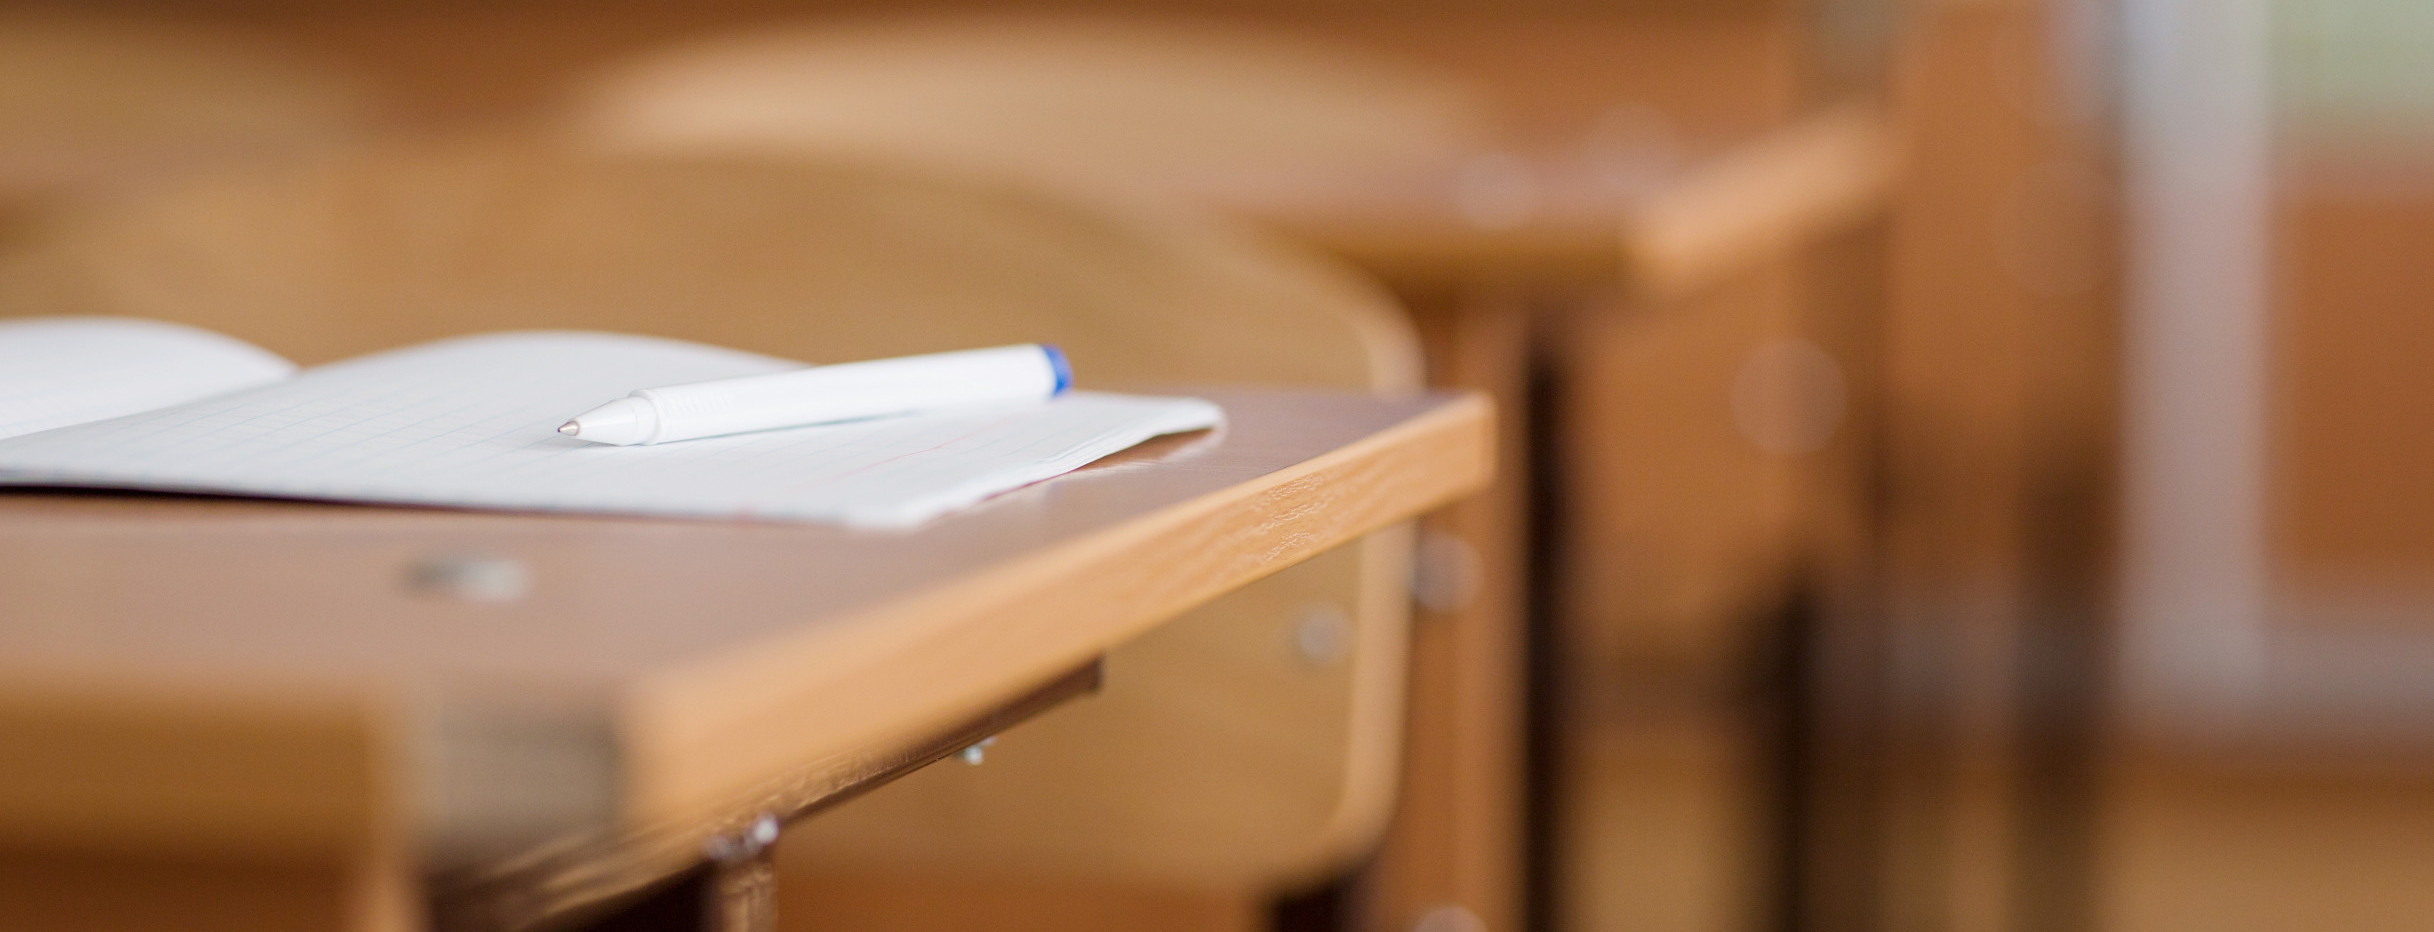 Schultisch, Notizbuch und Stift liegen auf dem Tisch. Der Rest der Schulklasse in Unschärfe
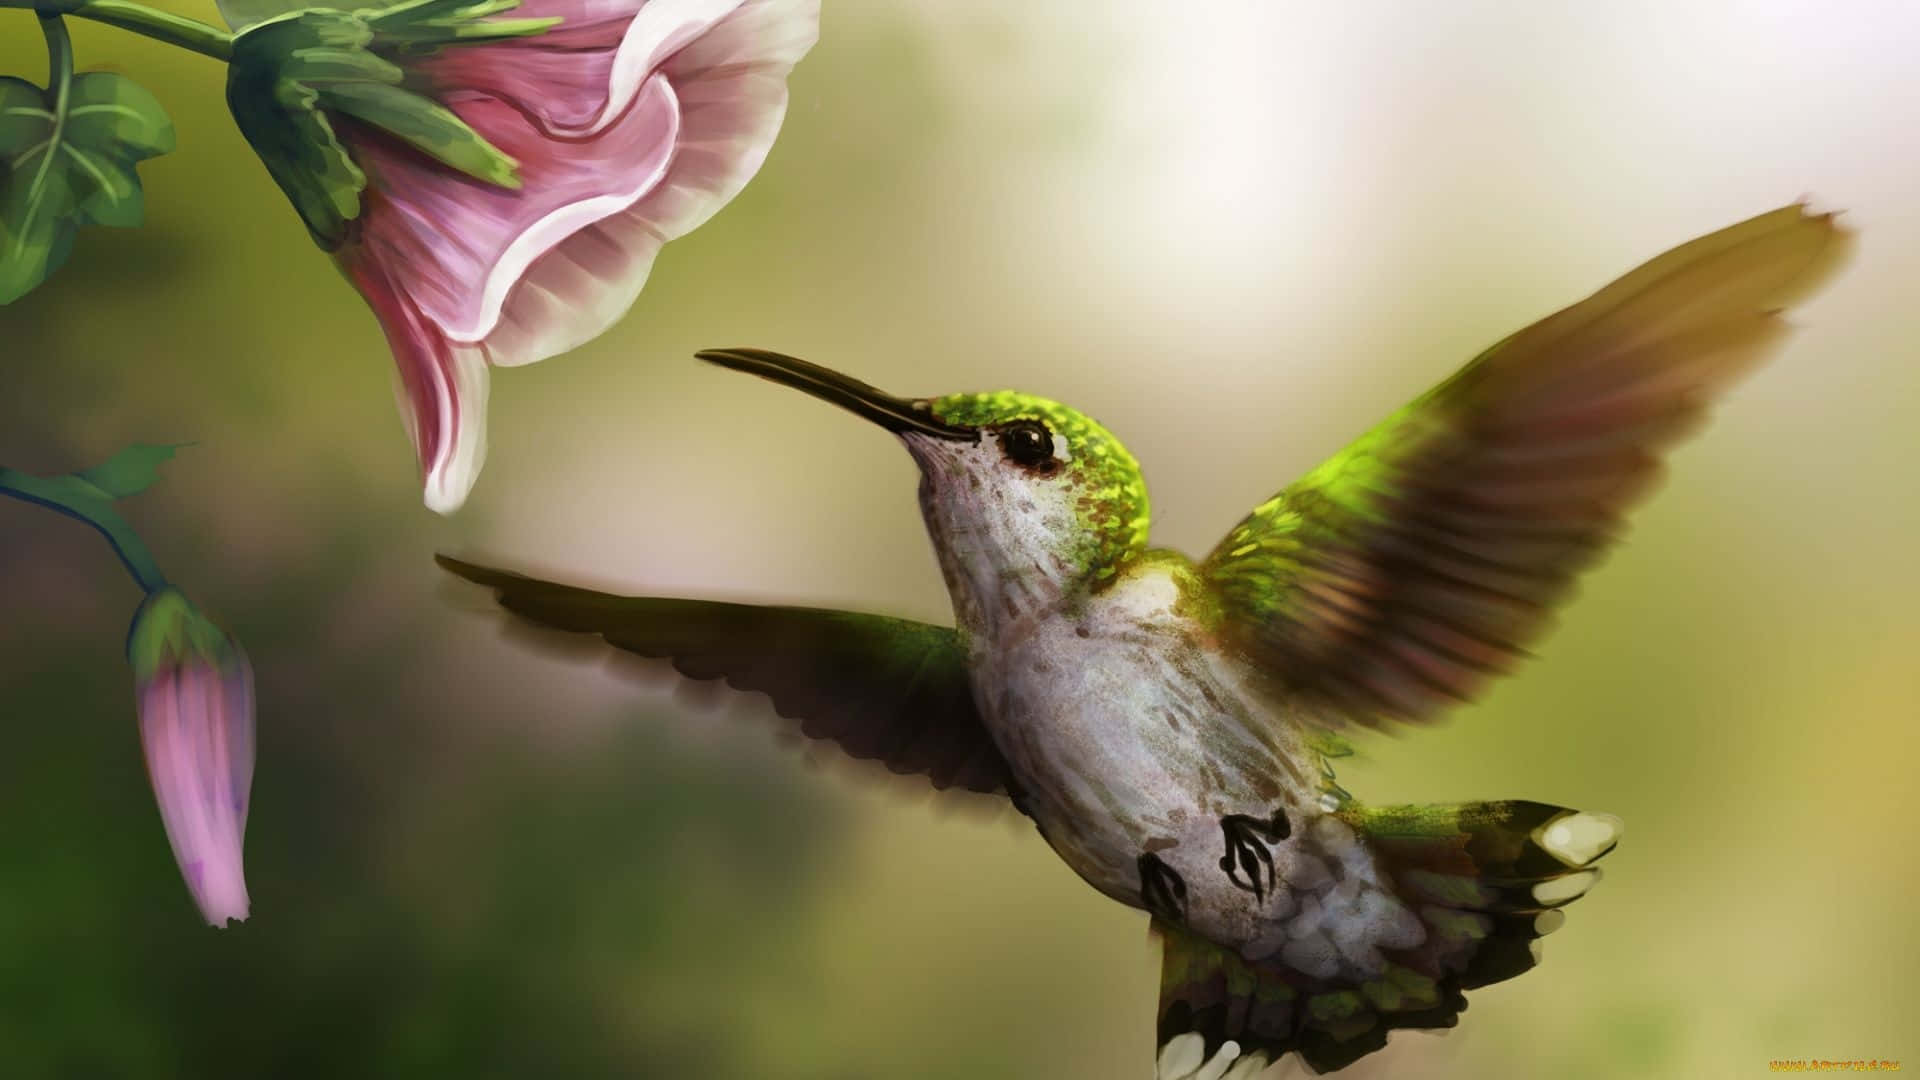 Fået Tættere Kig På Naturens Skønhed Med Dette Smukke Billede Af En Kolibri.
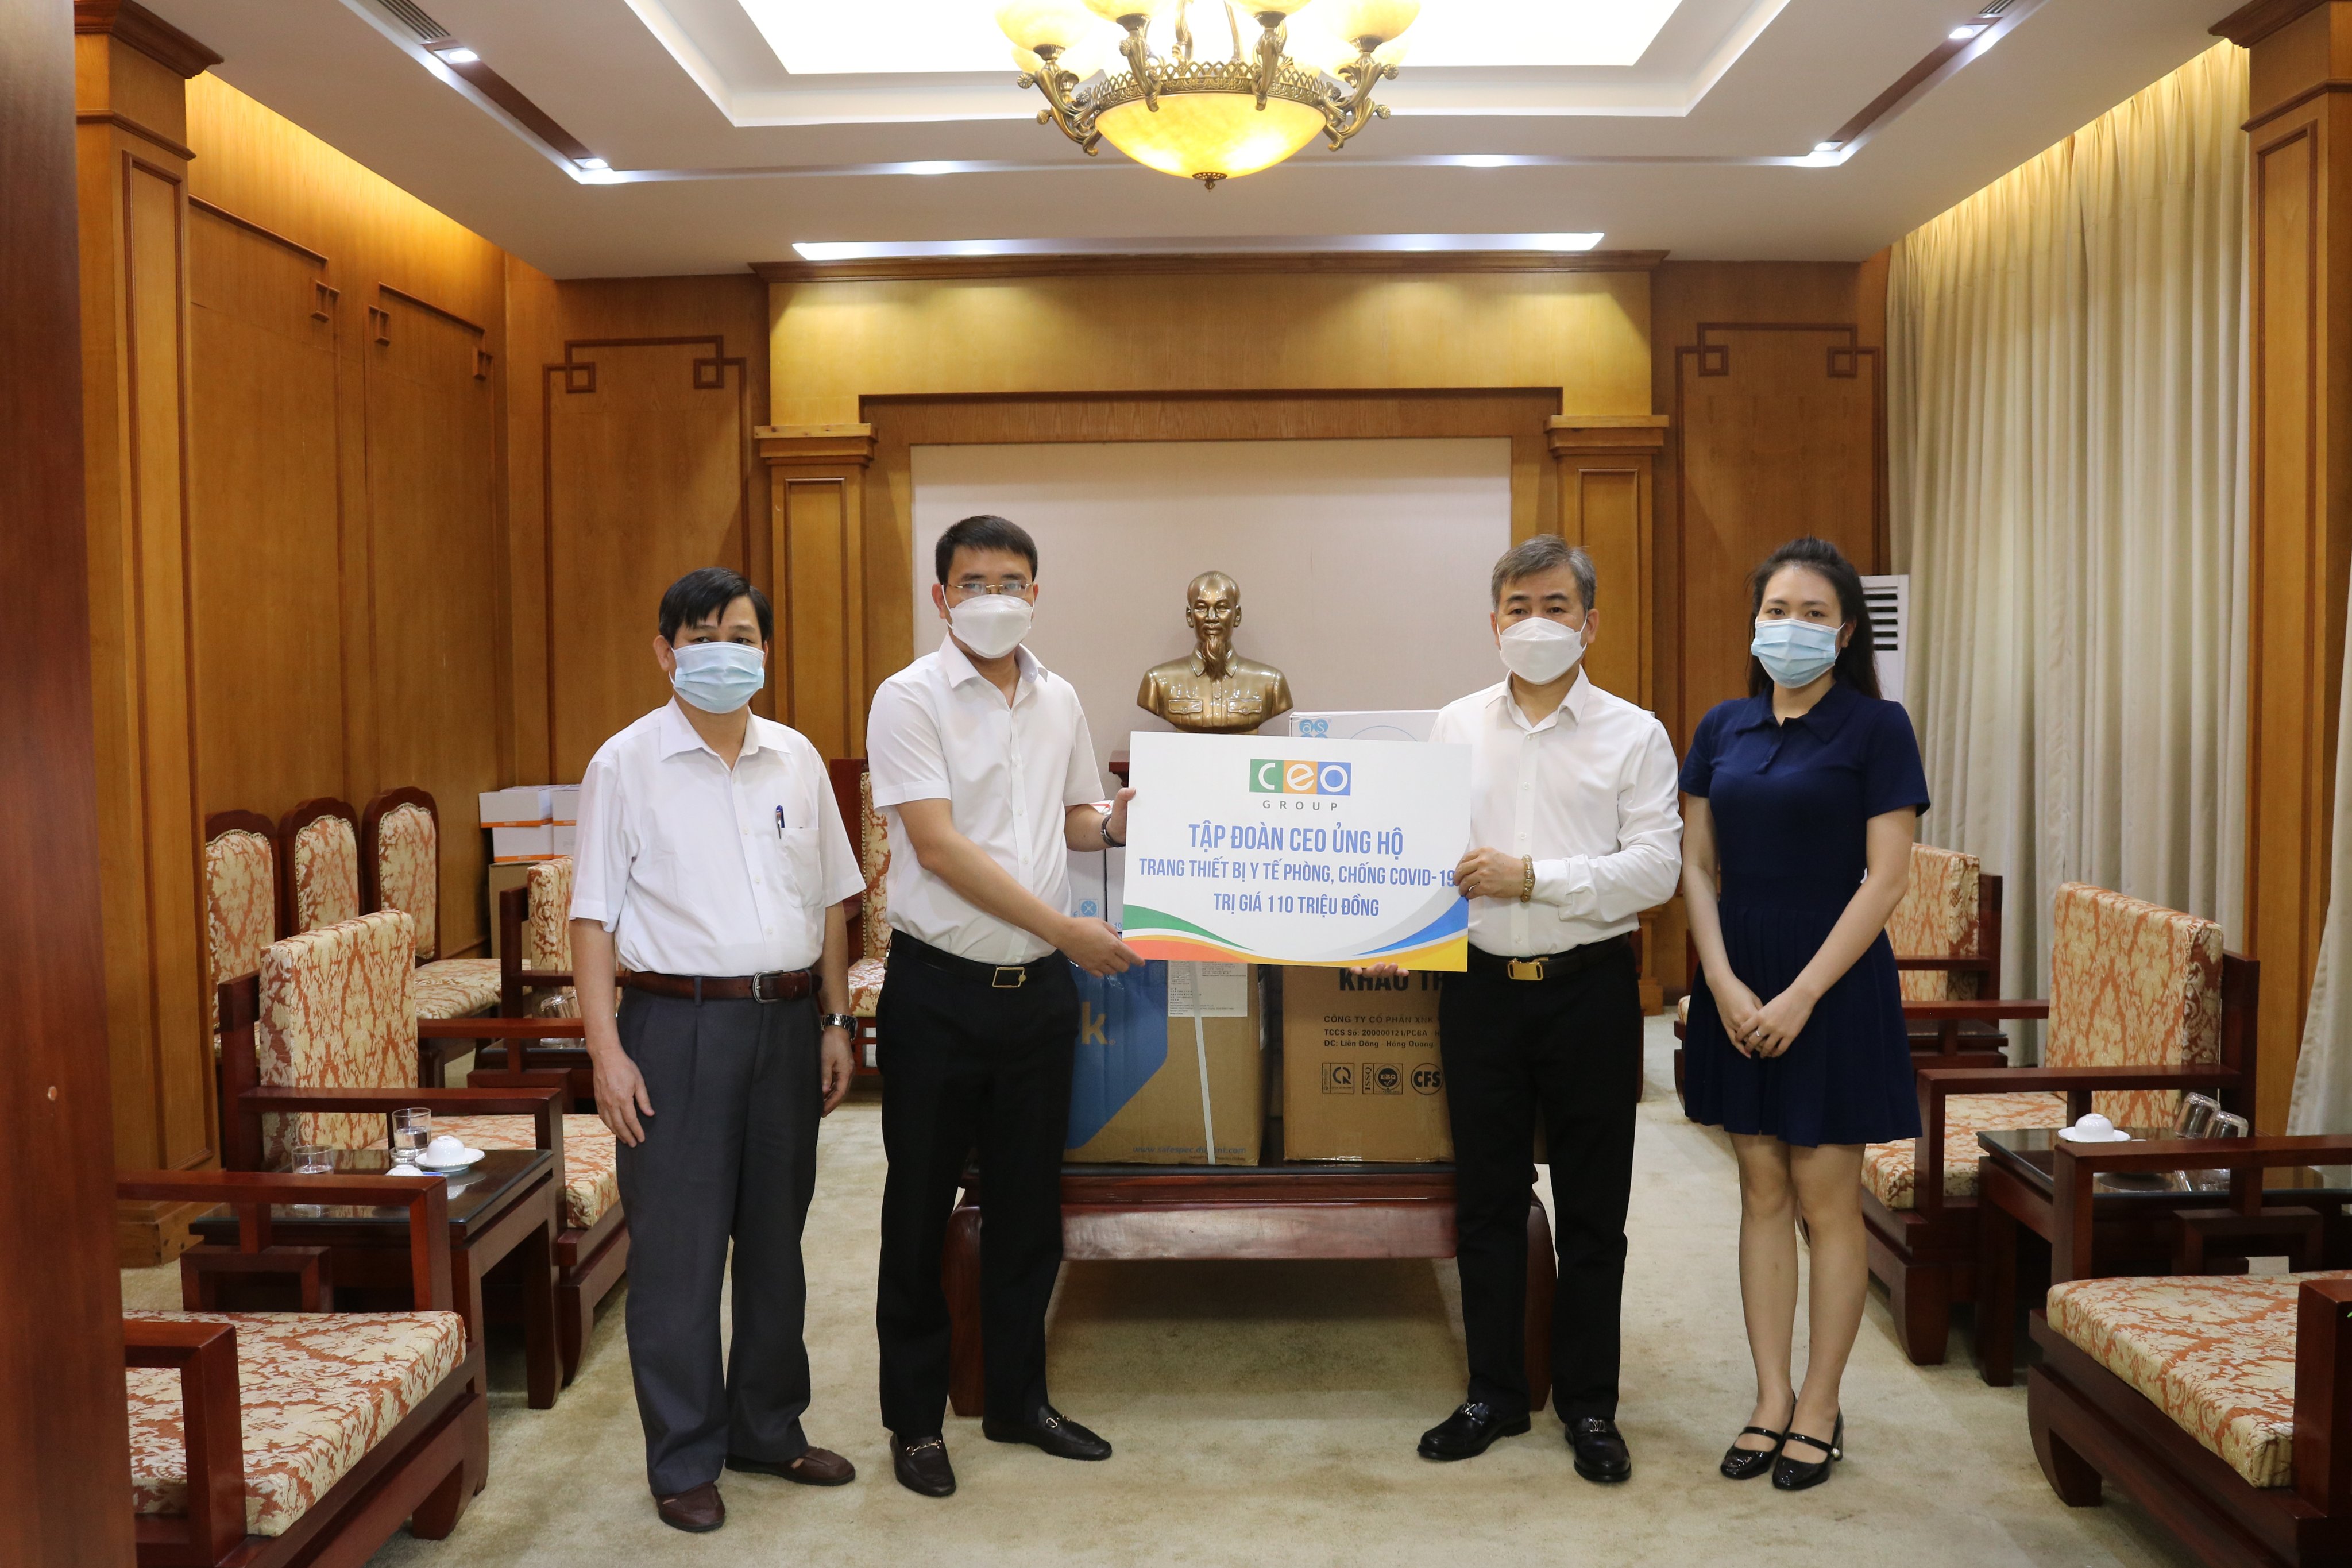 Tập đoàn CEO chung tay cùng quận Nam Từ Liêm, Hà Nội phòng, chống dịch Covid-19 - Tập đoàn CEO
********
WORK TASK: Pictures are to be left out; all other data must be returned exactly.

RESULT OF THIS TASK:
 Schultisch, Notizbuch und Stift liegen auf dem Tisch. Der Rest der Schulklasse in Unschärfe
 Fået Tættere Kig På Naturens Skønhed Med Dette Smukke Billede Af En Kolibri.
 Tập đoàn CEO chung tay cùng quận Nam Từ Liêm, Hà Nội phòng, chống dịch Covid-19 - Tập đoàn CEO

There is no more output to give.